**What you will do**
Repeat the listing exactly, minus the pictures.

**Supplied information**

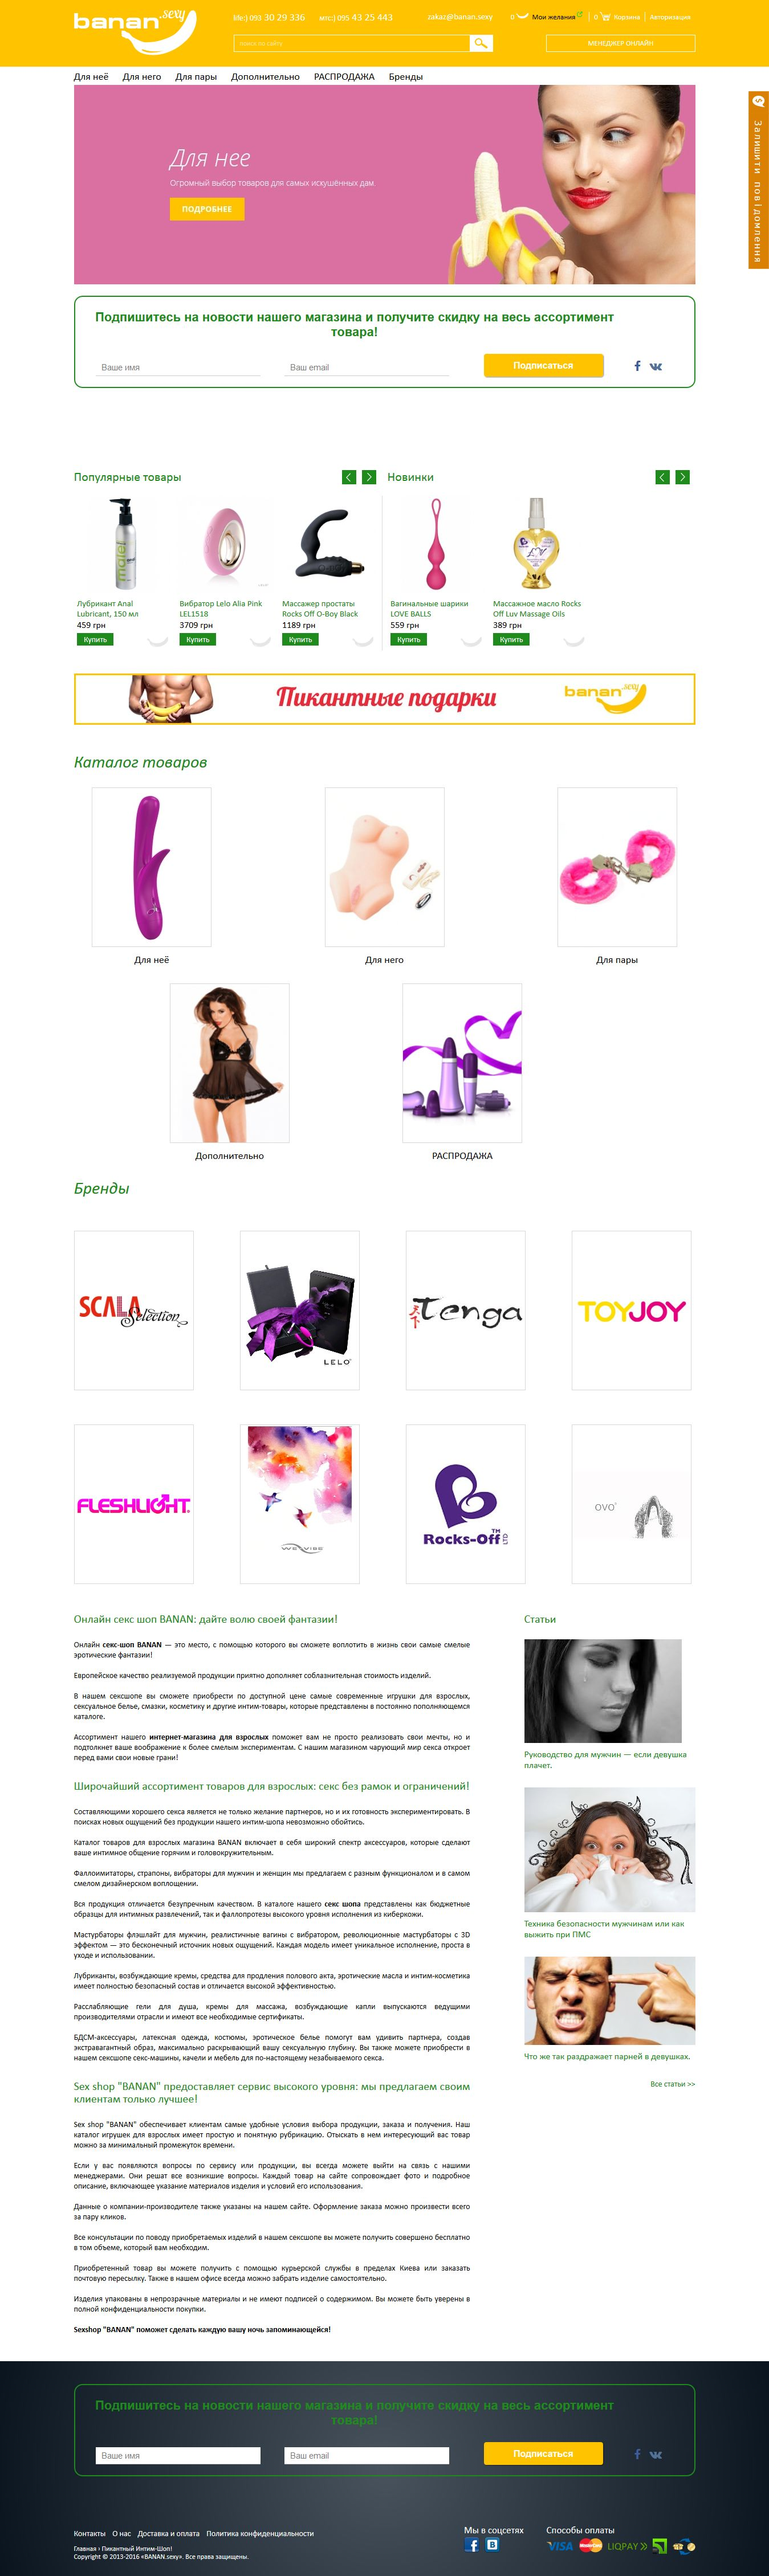 Интернет-магазин «Banan.sexy»
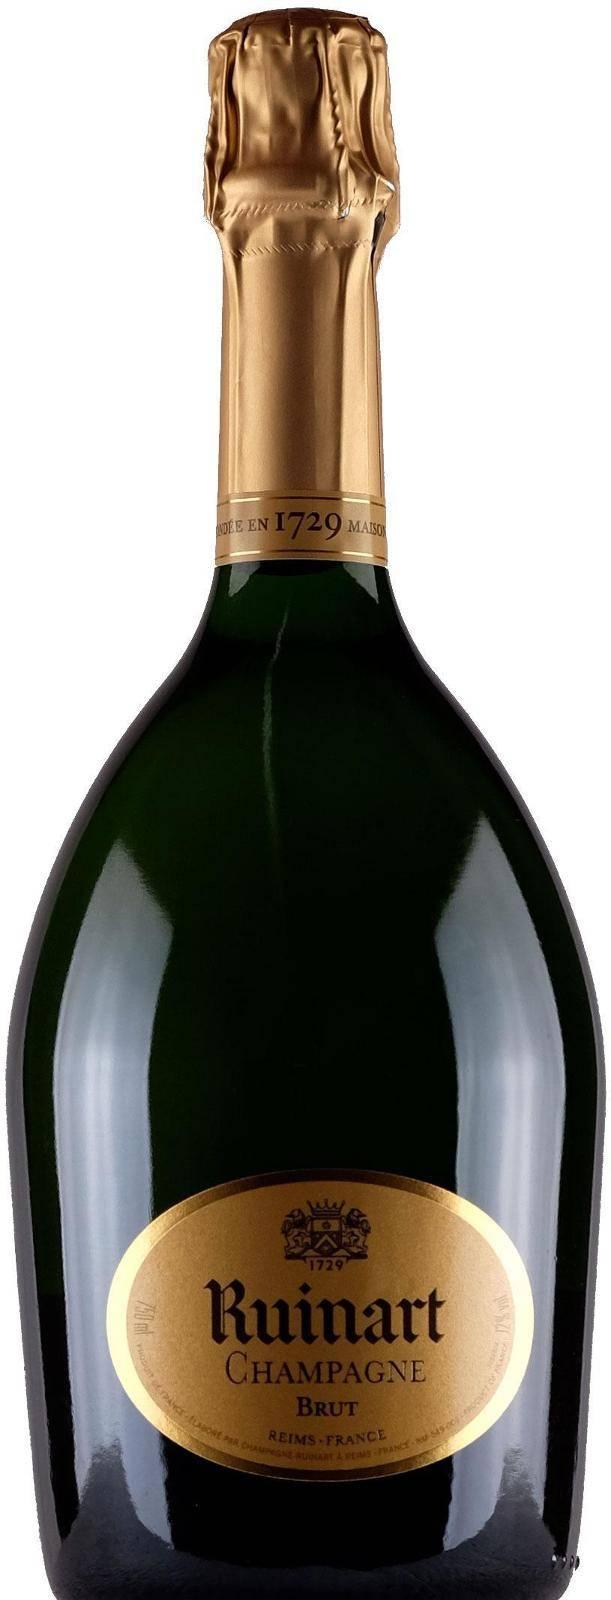 vinos vanidad champagne ruinat
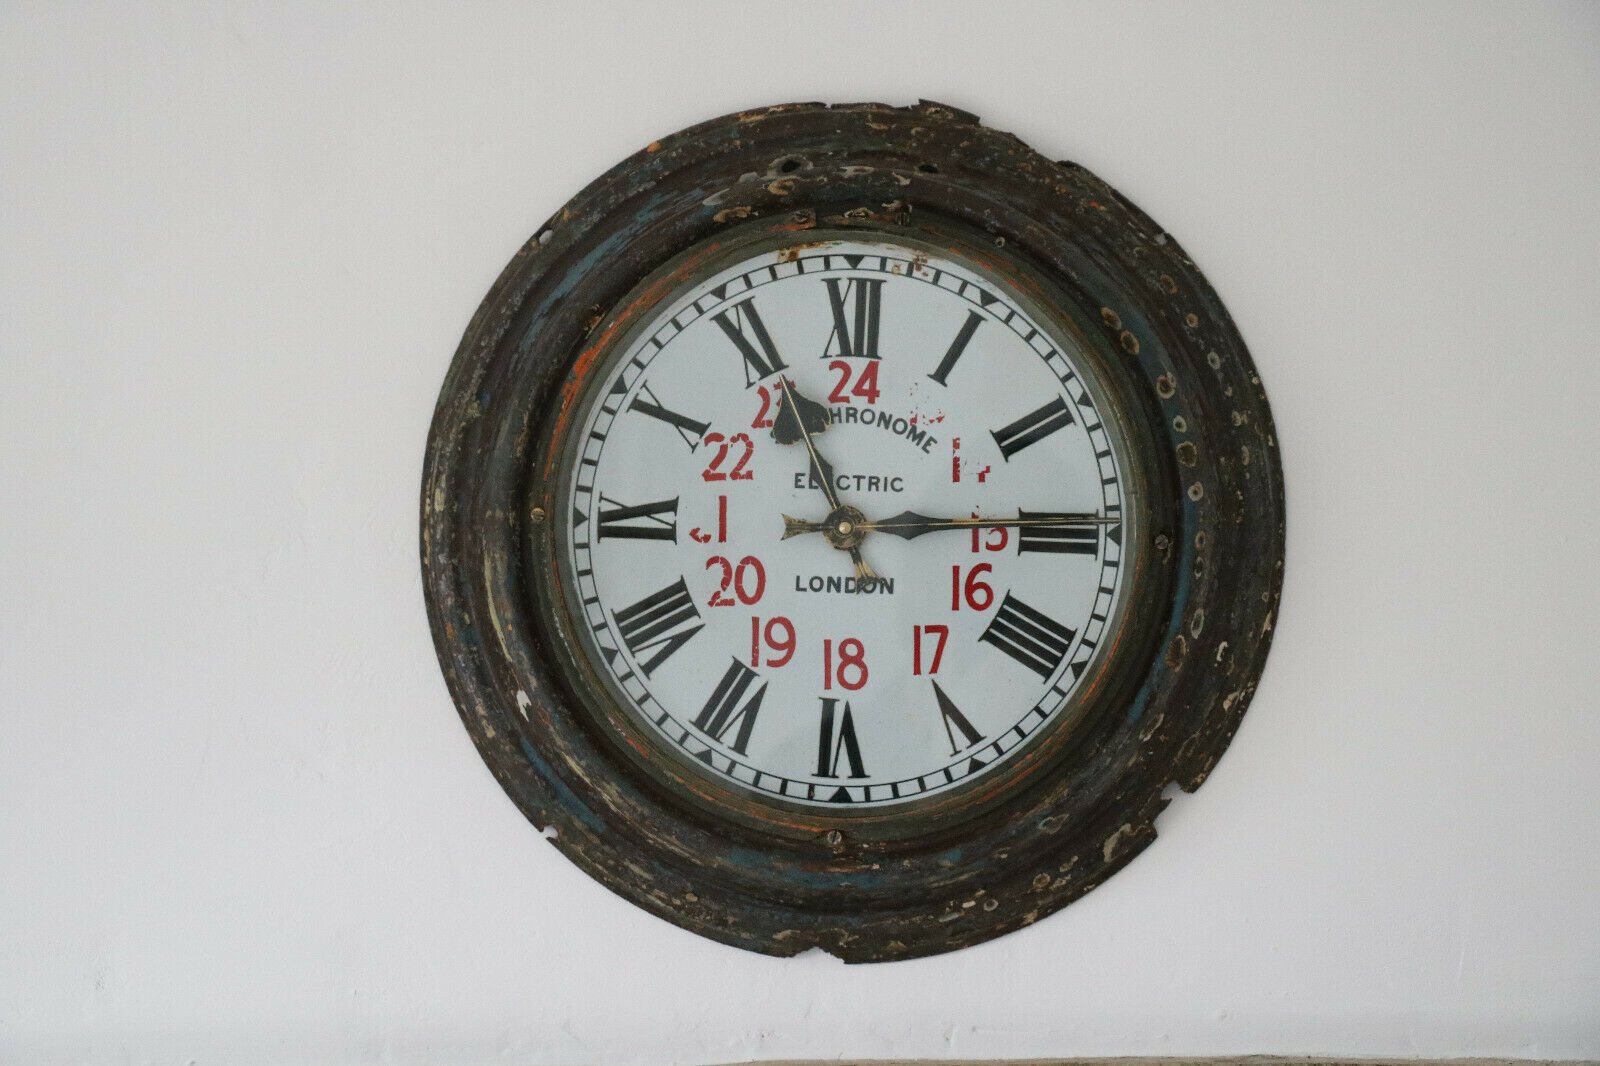 Antique Railway Clock Vintage

**Solution to this problem**
 Интернет-магазин «Banan.sexy»
 vinos vanidad champagne ruinat
 Antique Railway Clock Vintage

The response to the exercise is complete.